Things to Keep In Mind if You Leave Your Child at Home


Have you ever left your child at home alone? There will be a day, whether you like it or not, when you have to leave your child home alone due to work or an emergency. The best way to actually prepare for this is to leave your child at home for a brief period of time—say, for 15 to 20 minutes—when you need to run to the store for something urgent, though likely in this tech-savvy age, the occurrence of such circumstances can be avoided by ordering items online and having them delivered to your house.

However, you never know when you might need to leave your child at home alone themselves for a few hours, so it’s best to prepare them for this scenario. This can enable them to function independently while you are away and avoid feeling overly reliant on you.
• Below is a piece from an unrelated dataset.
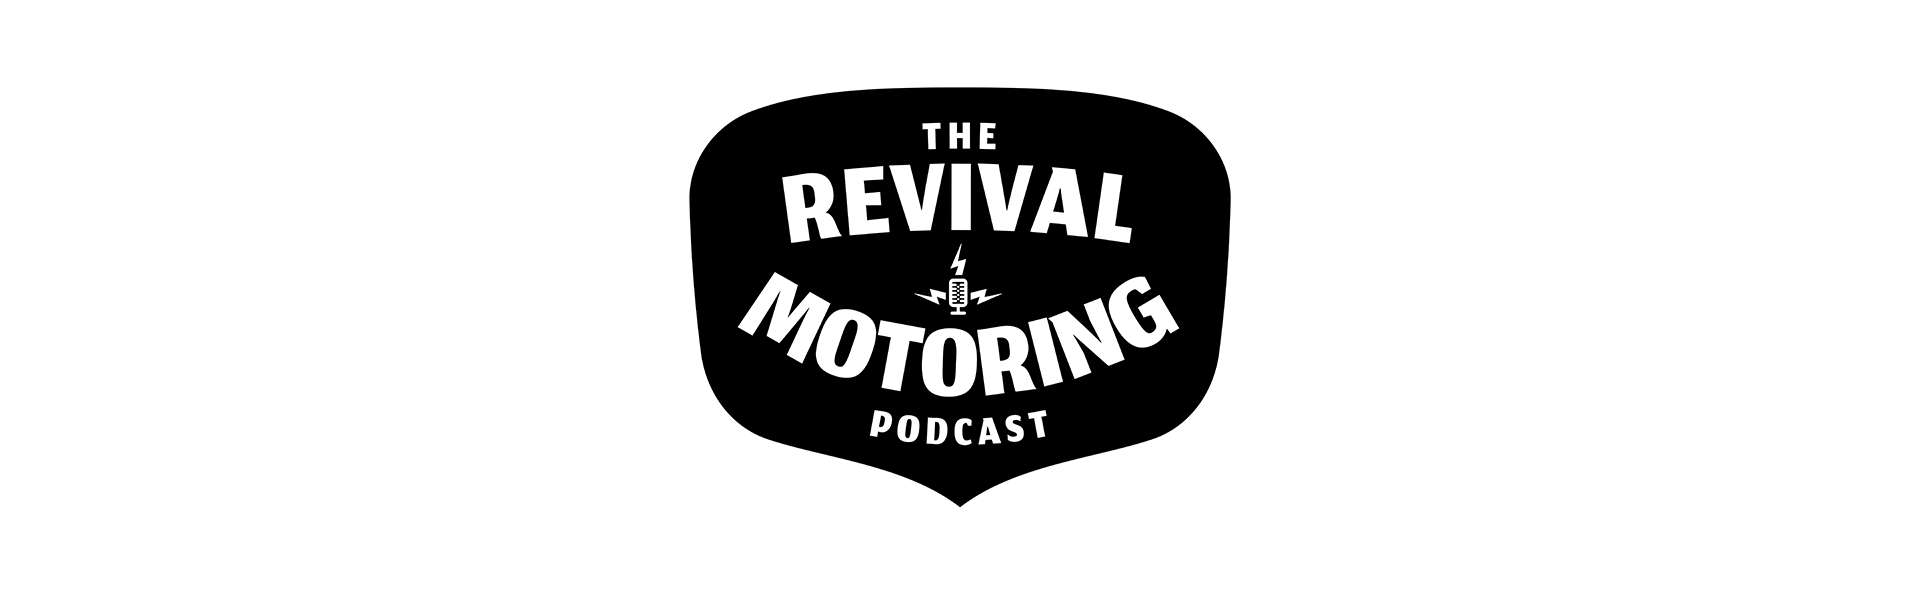 01_Revival Motoring Podcast copy

In fact, according to child psychologists, if handled properly, this experience might make your youngster more confident, independent, and responsible. Check out these crucial details to get ready before you leave your kid at home:

1. Numbers to call in an emergency

Even if your young child has contacts saved on their phone, it is still a good idea to have them memorise at least a few emergency contact numbers. This can contain the parents’, a close relative’s, and a trustworthy neighbor’s phone numbers. Additionally, you can keep a record of these contacts in your home’s journal just in case. Call your child to check on them, let them know you’ll be back soon, and make sure they are doing okay. If it’s possible, you can also ask a friend or neighbour to watch over your child.

2. Limits on screen time

Your child can wind up spending the entire day watching TV, playing video games, or accessing the internet if you leave them unattended. You should be somewhat firm with your child regarding screen time and help them realise the significance of following these guidelines. You might occasionally let kids spend a little more time on their screens, but not all day. While you are away, assign them a few minor domestic tasks like folding laundry to keep them occupied and productive. In order to prevent children from being overly drawn to the screen, you can also keep them occupied with art supplies or puzzle games.

3. Security first

When left alone at home, an unprepared child can cause trouble and possibly damage themselves. It might not be a good idea to leave your child alone if they have a history of experimenting with fire or stoves. In any case, it’s crucial to teach your child how to use basic kitchen appliances and to never let them use knives, matchsticks, or the stove without your consent. It is preferable to keep potentially harmful items out of your child’s reach and out of sight. Additionally, make sure your youngster is familiar with using a basic first aid kit at home. In case of a power outage, keep flashlights nearby.

4. Stock up food essentials

If you are at home to respond to your child anytime they say, “I’m hungry,” they might not worry about eating.But if left alone, your kid can get too hungry and lose control. It’s best to prepare meals in advance for them to eat whenever they are hungry to prevent a hunger-confusion breakdown, In fact, if you cook healthy meals and tell them to eat everything before you get back, your child may have to abandon their plan to eat all the chips and ice cream available.

5. “Only open the door when…”

Make sure your youngster always checks to see who is outside and why they are here before opening the door. It is strictly forbidden to open the door for strangers. Children are impressionable, and while they are engrossed in their favourite programme, they may not pay enough attention to properly closing the door. You must make sure they understand that they must follow these safety precautions. If someone is going to be over, let the kid know in advance. Additionally, it’s important to regularly instil these behaviours. Tell your kid when you’ll be coming home, please.